## What is required
Begin at the line containing "Wedding Dress Enchanting" in the records below, end at the line containing "Stainless steel mini", and retype each line in that span exactly. No other line and no image should appear.

## Available records
-----

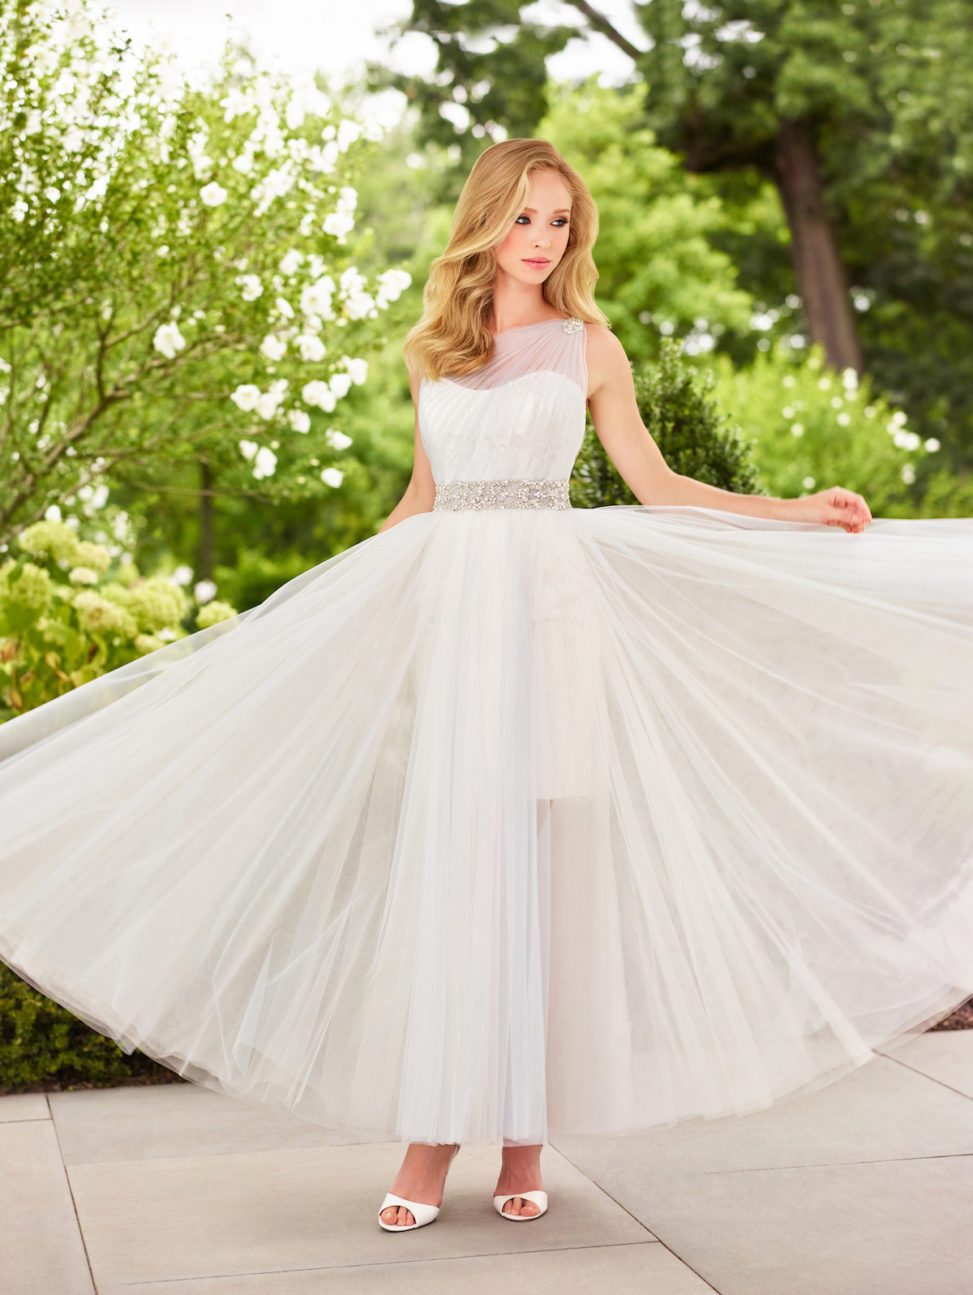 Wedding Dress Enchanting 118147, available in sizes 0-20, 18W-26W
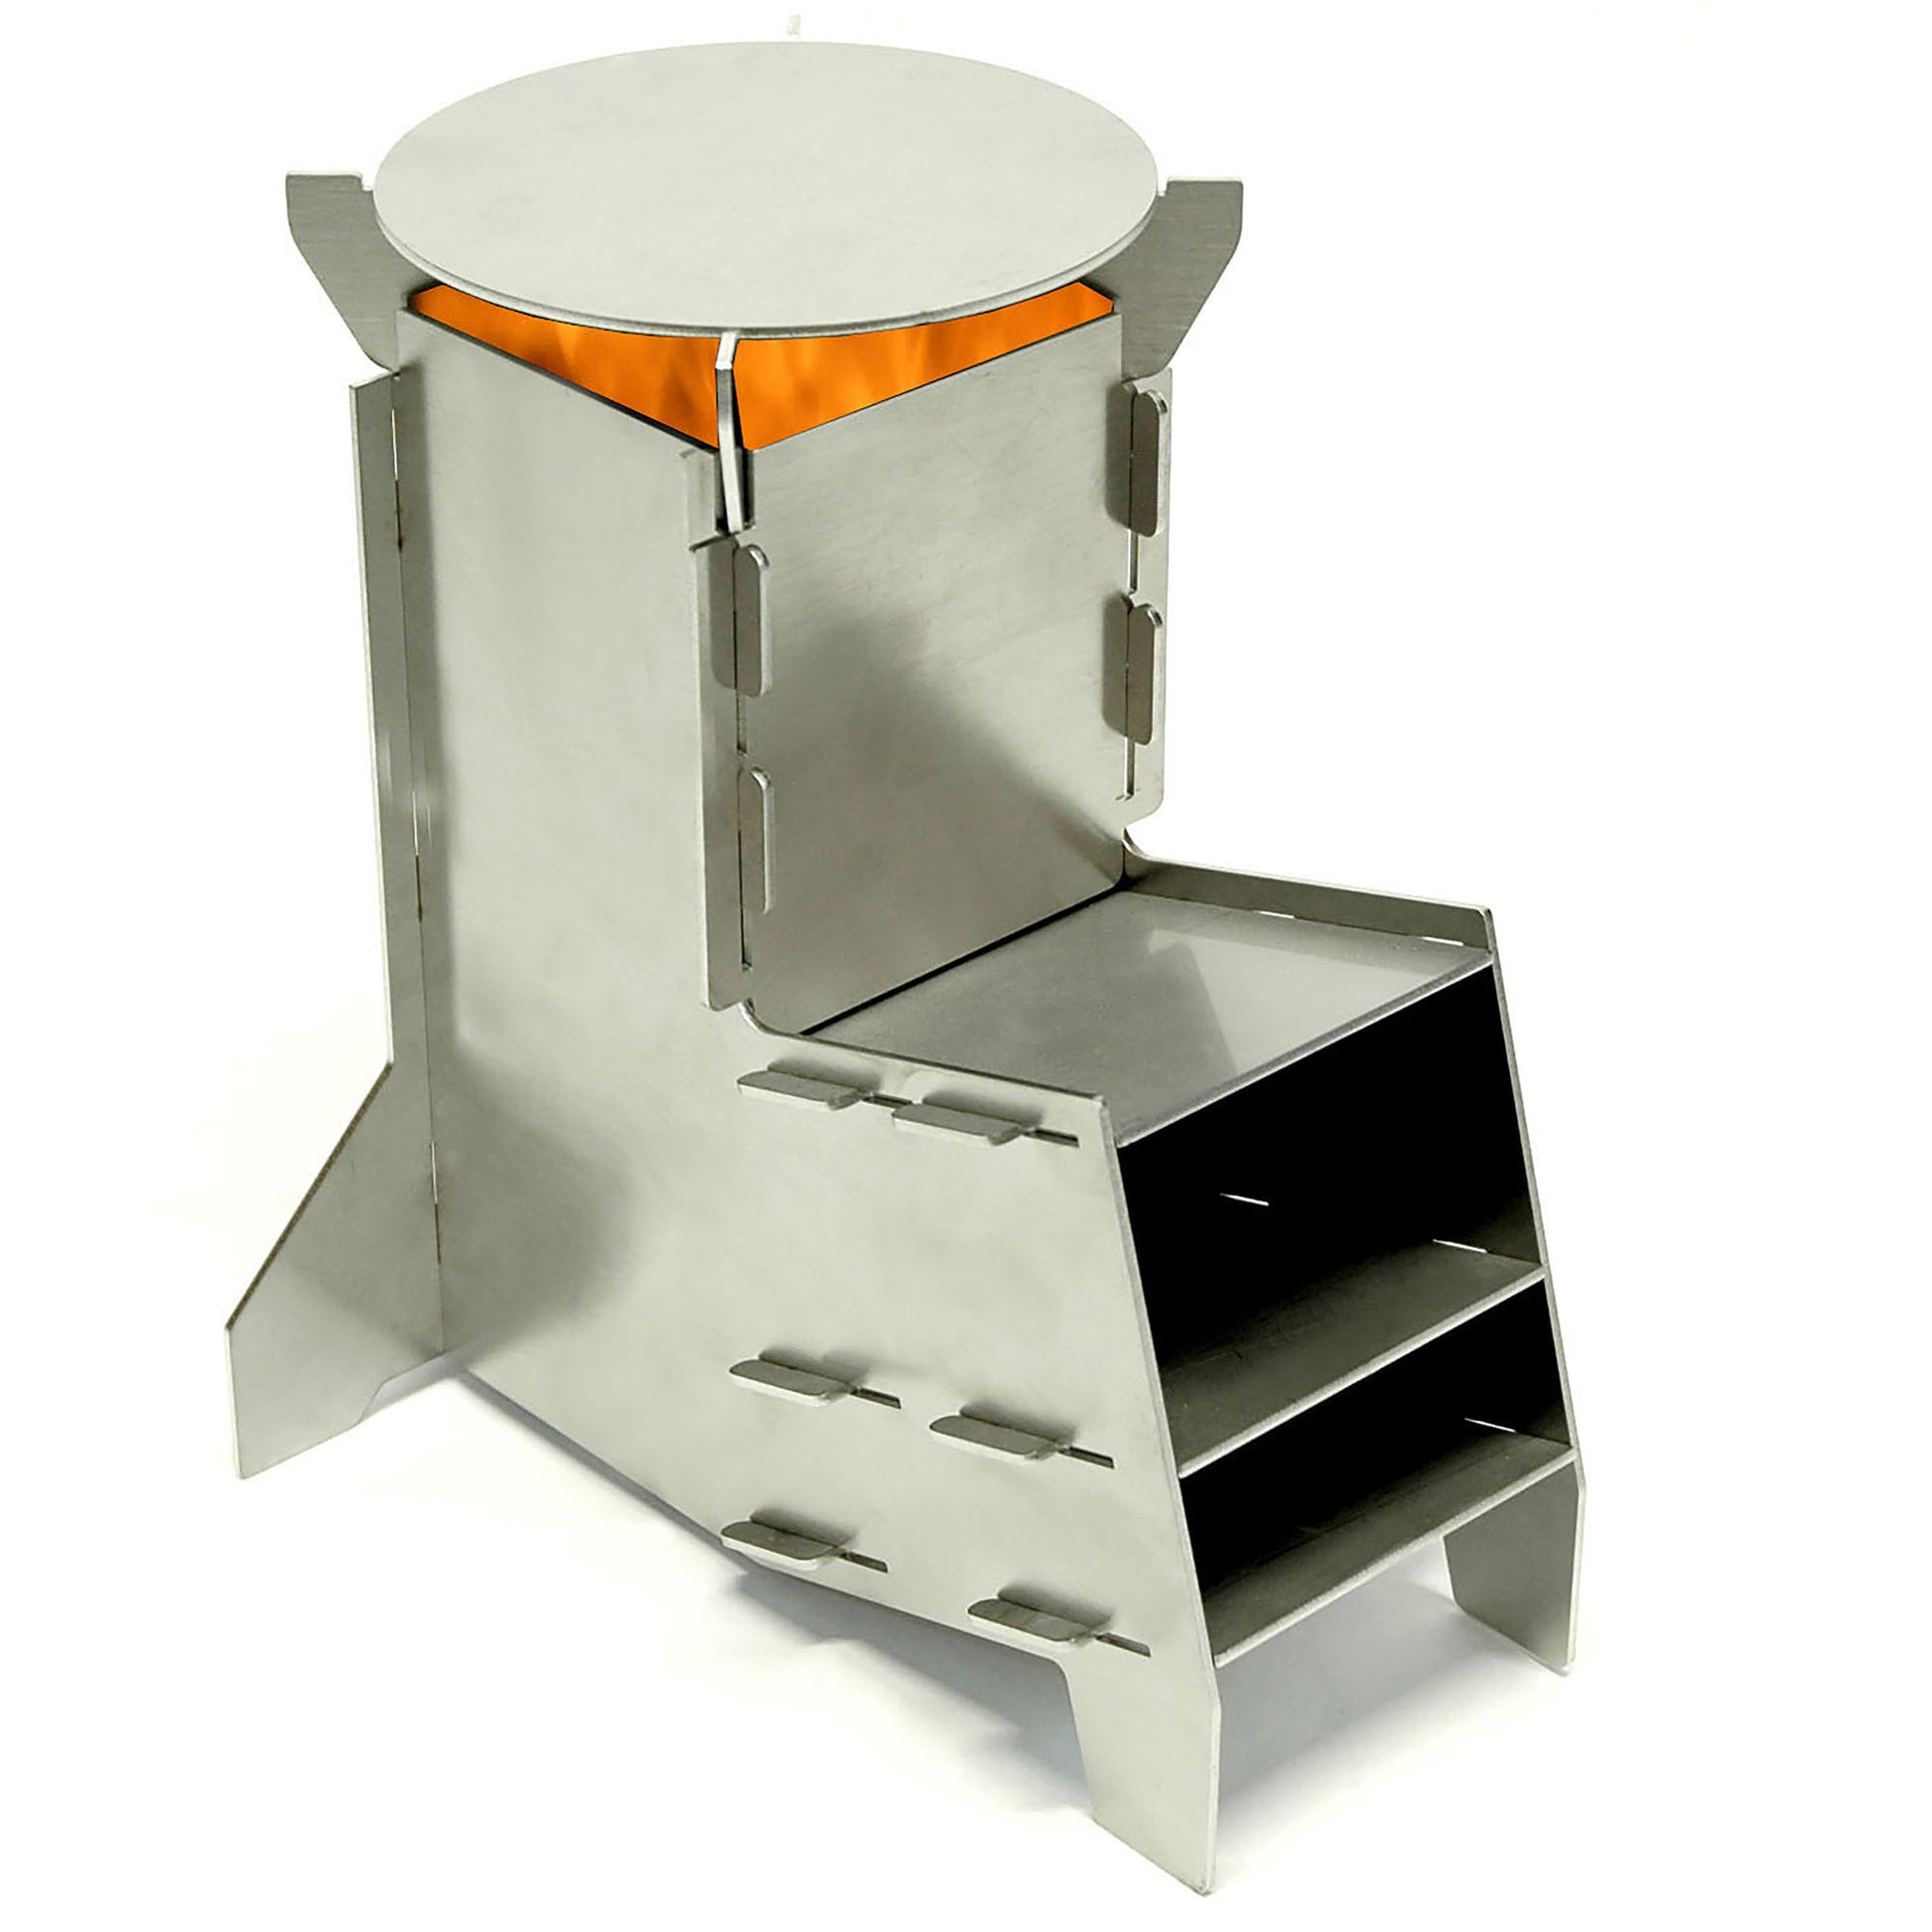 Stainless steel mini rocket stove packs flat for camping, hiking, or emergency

-----

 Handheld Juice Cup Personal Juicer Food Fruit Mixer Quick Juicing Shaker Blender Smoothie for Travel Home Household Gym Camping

-----

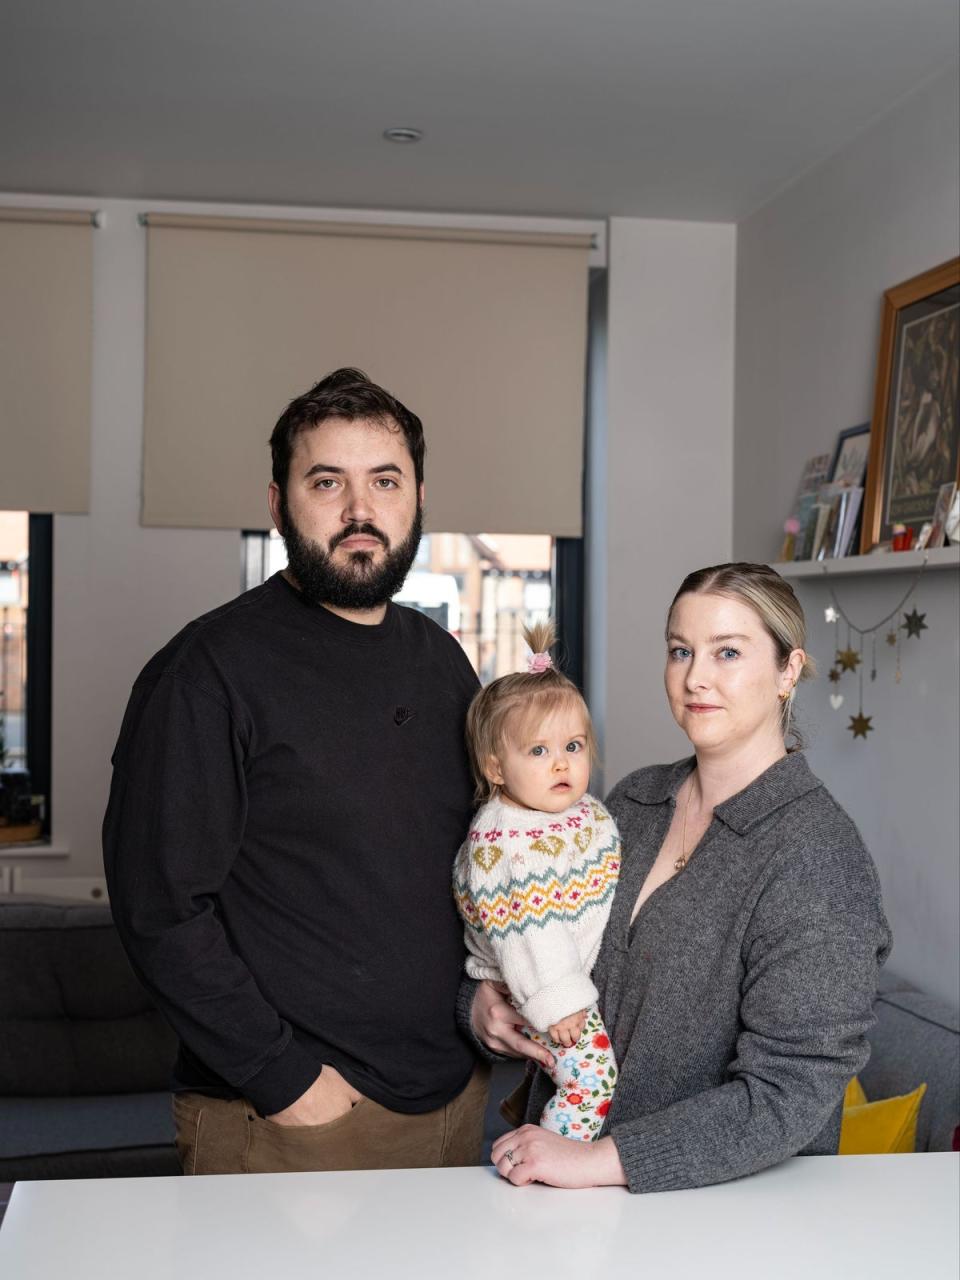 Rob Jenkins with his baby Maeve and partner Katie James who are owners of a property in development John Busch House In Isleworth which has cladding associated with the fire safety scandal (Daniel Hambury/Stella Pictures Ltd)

-----

## Response to the exercise
 Wedding Dress Enchanting 118147, available in sizes 0-20, 18W-26W
 Stainless steel mini rocket stove packs flat for camping, hiking, or emergency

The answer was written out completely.